What this task involves:
The answer is a stretch of the material below, returned exactly: the line containing "Ring Floodlight Cam X3 Black Bundle", the line containing "amfoo - New", and all lines between.

(Task data begins)

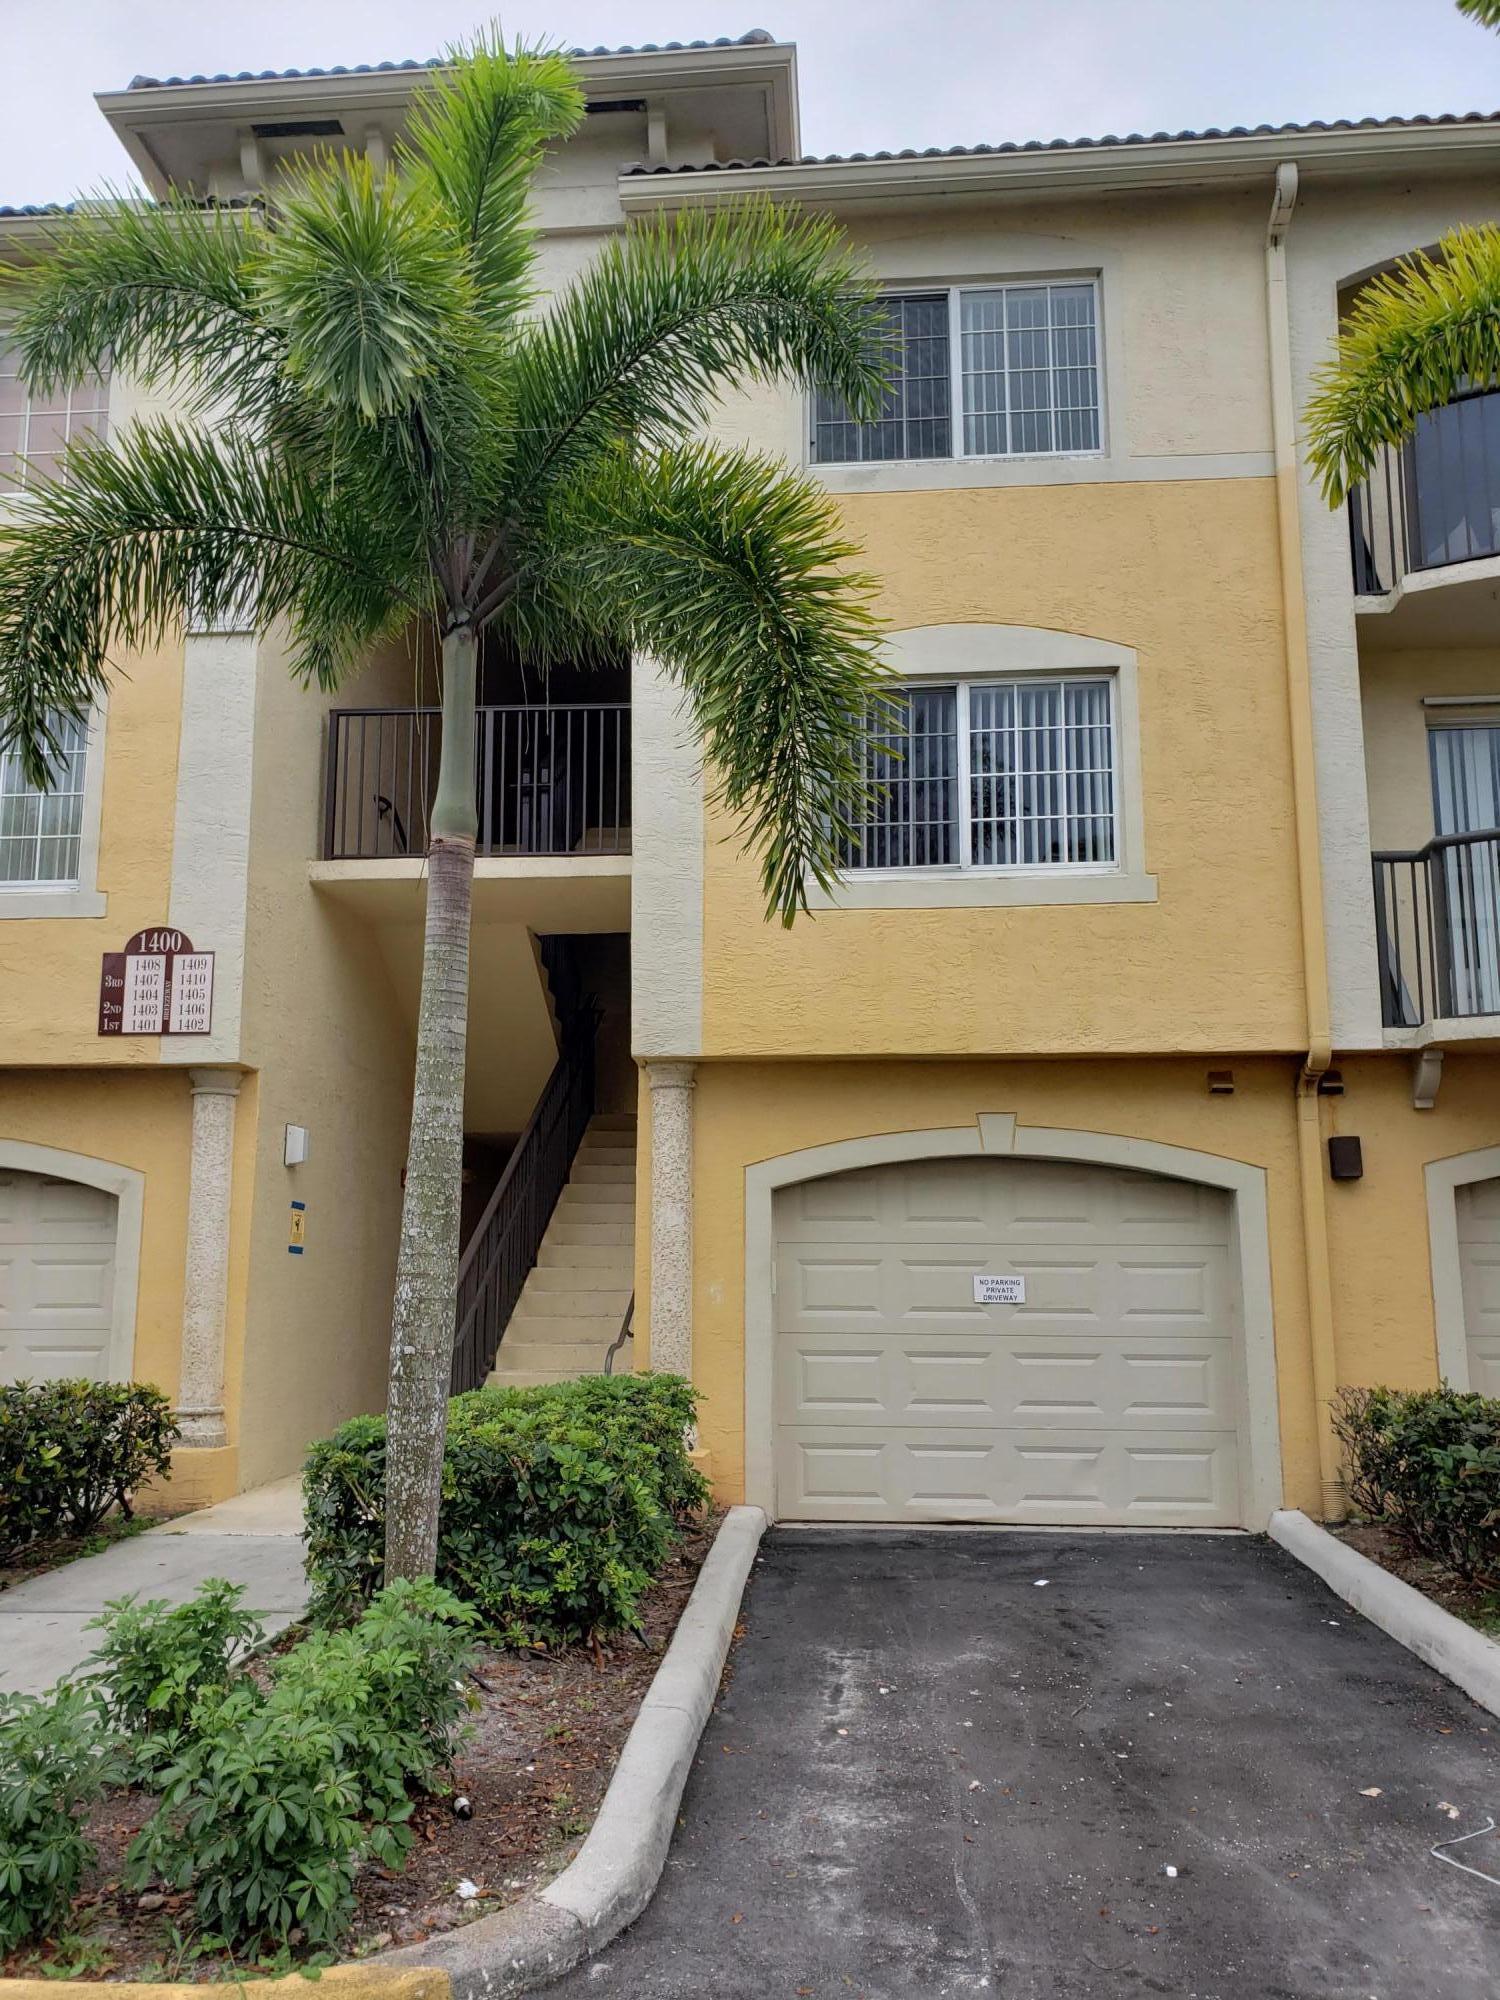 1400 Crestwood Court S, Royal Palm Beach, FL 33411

(Task data ends)
(Task data begins)

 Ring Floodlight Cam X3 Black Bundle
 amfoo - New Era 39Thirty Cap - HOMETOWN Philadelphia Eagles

(Task data ends)

Response area:
 Ring Floodlight Cam X3 Black Bundle
 amfoo - New Era 39Thirty Cap - HOMETOWN Philadelphia Eagles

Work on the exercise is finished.